Another question is, if the 5G air privacy will be allowed in all countries, it makes live for stingrays/false base stations pretty hard and some government prefer to use them over making a lawful interception request to the operators and get the data from there.
sorry this is a bit longer....telco backend sec is somewhat in the 80's...as it is now opening up a lot of nasty details pop up and the legacy stuff is a hard problem.
@@silkeholtmanns6514 Thank you for the detailed response. Fascinating topic and few with real expertise in this area, like yourself.
It's funny because when you look at the initial breakdown of the domains literally the only thing going up is domain 8 by 1% lol. When I took my exam, I am pretty sure there are questions that were for testing purposes for the new exam, like firewalls that may or may not operate on layer 6
Given several questions in every exam are unscored, you could well be right!
Very good video.. Thanks
Glad you liked it, Mike. Ping me with any questions as you prepare. 👍
Thanks for the review. I actually just heard of Kubernetes the other day and was wondering what in Gods name is that? Cause they have a certification for it. Containerization seems to be becoming more and more the rage in the last couple of years.
Definitely the de facto standard for containerization. If that's an area of interest for you, Kubernetes is the one to learn! 😉
. @3:21 minutes, you mentioned flash cards (700). I know there is a practice book that comes with the bundle, but am not sure how to get these flash cards?...I just started preparing for CISSP and came across your videos. Really great videos. Thanks
From the introduction section of the book: Here are some suggestions for using this book and study tools (found at www.wiley.com/go/cissptestprep): Download the flashcards to your mobile device, and review them when you have a few minutes during the day.
@@InsideCloudAndSecurity thanks again
Thank you Pete!
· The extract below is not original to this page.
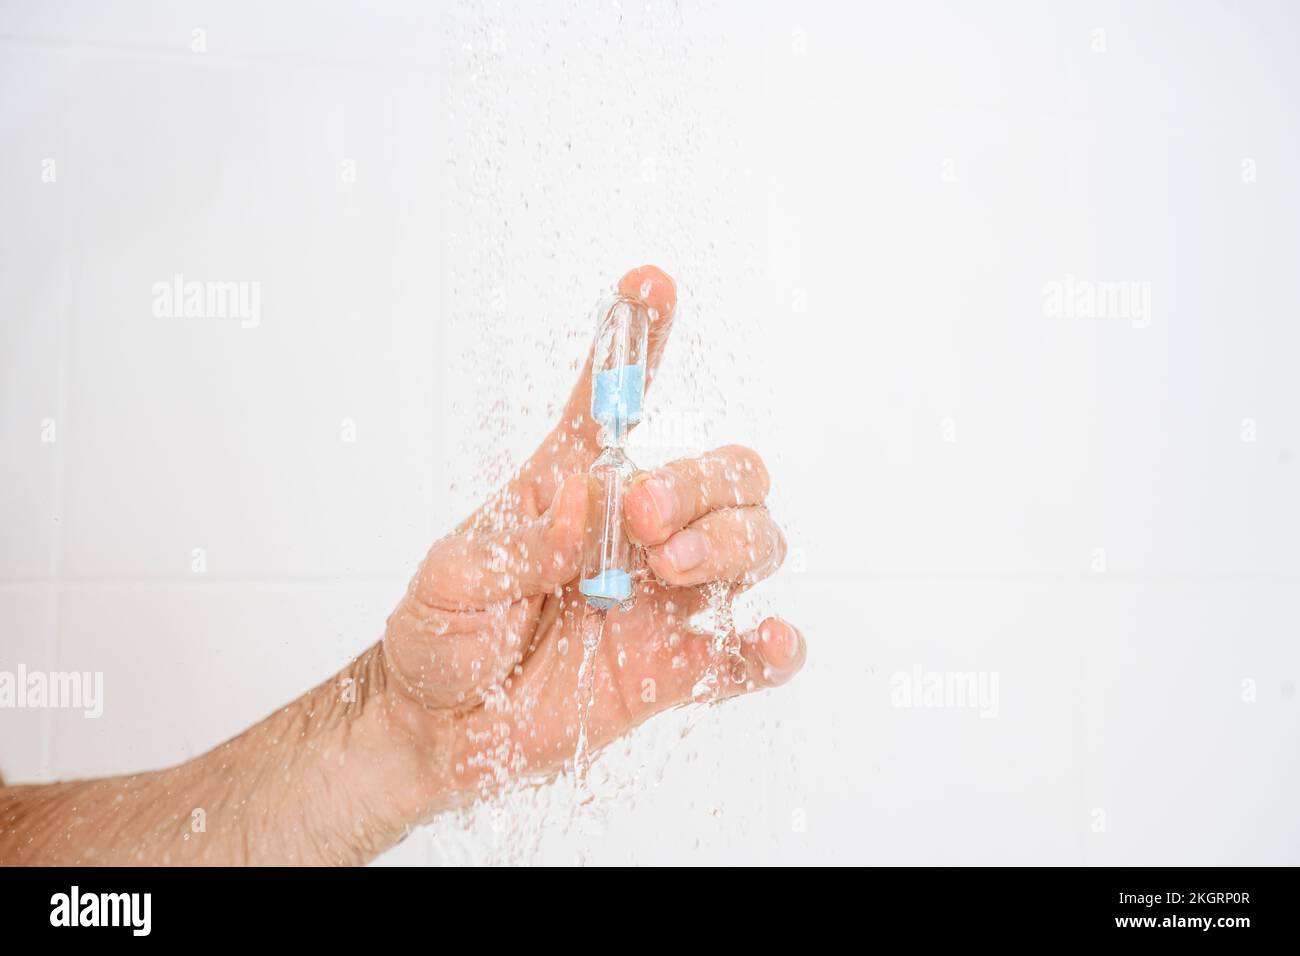 Hand of man holding hourglass in water under shower Stock Photo

Good stuff.
I see few things like pass the hash which I am not familiar with. not sure if this info is accurate. www.globalknowledge.com/us-en/resources/resource-library/articles/everything-you-need-to-know-about-the-2021-cissp-exam-changes/#gref
My pleasure. Reach out if questions as you prepare. 😉
That info is mostly accurate, but calls out a couple of things as new which are not actually new. They are simply elevated to line items in the syllabus. For example, Bell Lapadula Star property has been in the exam for years and is described in my series. Pass the hash is new, and mentioned briefly in this video and also in the "attacks and countermeasures" video in my series. As I warned in this video, some items that look "brand new" are existing items that have simply been elevated to explicit mention in the syllabus, which may mean they are somewhat more likely to get mentioned in a question. I do not see anything on that list that is not mentioned somewhere in my series.
Because I created virtually all of my content in 2021, I'm a little more familiar than most with what is actually new, and which topics are simply getting greater attention
@@InsideCloudAndSecurity Thank you, Pete! I might have missed a few things. will watch the video again.
@Geetha Ram do bear in mind I have 16 videos (and counting) in the series, and I mentioned some of those topics are covered in greater depth in the existing videos. You'll find them all in the CISSP Exam Cram playlist on the channel th-cam.com/play/PL7XJSuT7Dq_XPK_qmYMqfiBjbtHJRWigD.html. But feel free to reach out anytime you have a question! 👍
1:11:42 you just miss match the two type of firewall
Indeed. Good catch Simon and thanks.Just posted the updated pdf and post errata in comments/community and address in the FAQ/AMA video coming up.